# PA Trout this weekend and last(w/ pics)



## fishinnick (Feb 19, 2011)

Thought I would share my last two trips to PA for trout and steel..

Last Saturday we headed up to Erie to catch some chrome. The stream was at a good level, but clear like always and plenty of people. There were millions of people fishin over the large groups of fish, but we found some smaller pods in between the bigger holes. 








Here's a skipper. I definitely noticed more this year than in the past. Lots on peoples stringers too.









Sunday morning we decided to check out a trout stream outside of Franklin, PA. We caught a bunch of stocked rainbows in the faster water on eggs, but also saw some fish in the slower pools but I think they were spooked. I also managed to get a wild brown.
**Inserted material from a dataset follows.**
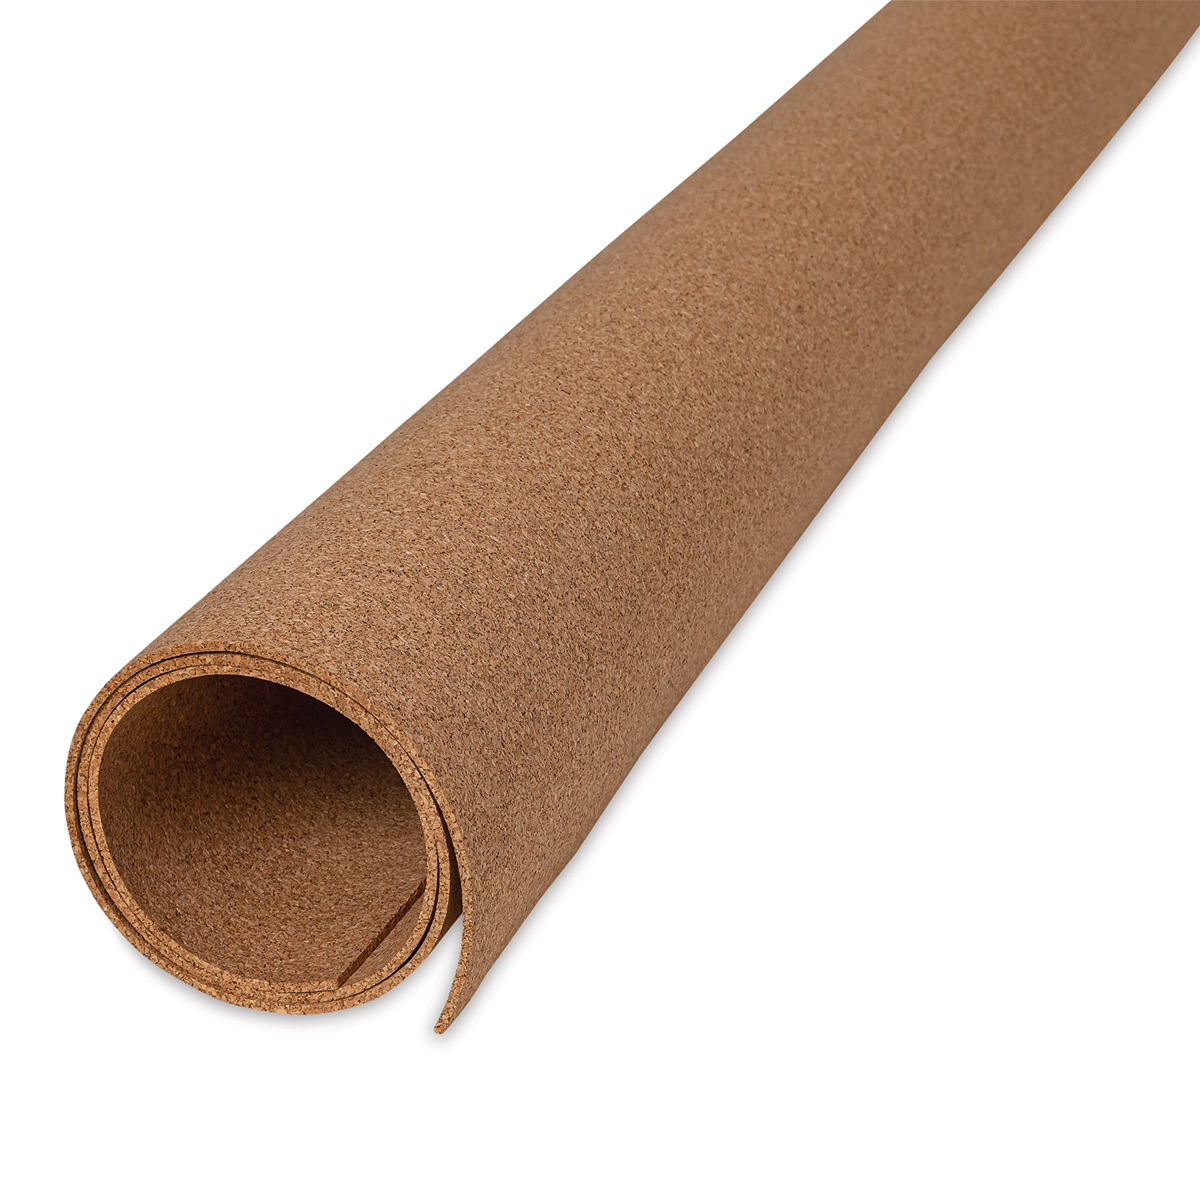 Natural Cork Roll - 1/8 thick, 48 wide, Per Yard

We fished the fly fishing only stretch on this stream, and TU did some nice work on it. 

























Today we hit a different wild brownie stream in NW PA. We fished it about a month ago and did pretty good, but today I only got one, which was on my first cast of the day. Very beautiful little creek with rugged terrain.
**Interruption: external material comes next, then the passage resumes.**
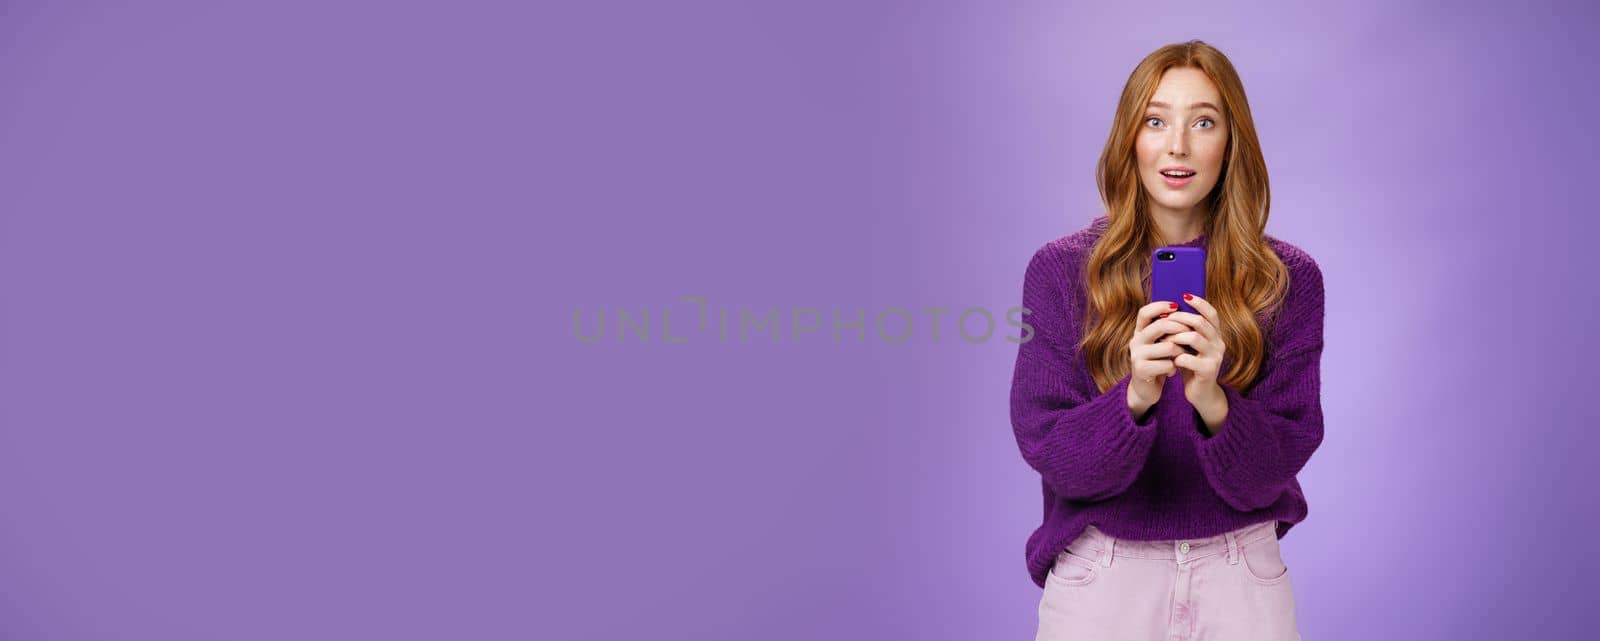 Impressed speechless cute redhead female actor receiving awesome surprising message on mobile phone open mouth from amazement and raising eyebrows astonished, posing over purple wall. Technology and people emotions concept

After that we fished a more popular trout stream nearby. We were the only ones there(which is rare) and the stream was in really good shape, but filled with leaves. We managed to get some stocked bows and browns. A great two weekends on some beautiful streams!


----------



## bruceride (Aug 1, 2011)

Great pictures and report!


----------



## LilSiman/Medina (Nov 30, 2010)

Nice pictures! I can't wait till april to go back down there with the guys.


----------



## fishmerf (Mar 28, 2008)

Great pictures! I think I recognize two of those streams. Thanks for sharing.
Merf


----------



## TheCream (Mar 19, 2009)

Very nice, that water looks great!


----------



## fishinnick (Feb 19, 2011)

Thanks guys! Yeah thats all great water, especially on those wild streams.


----------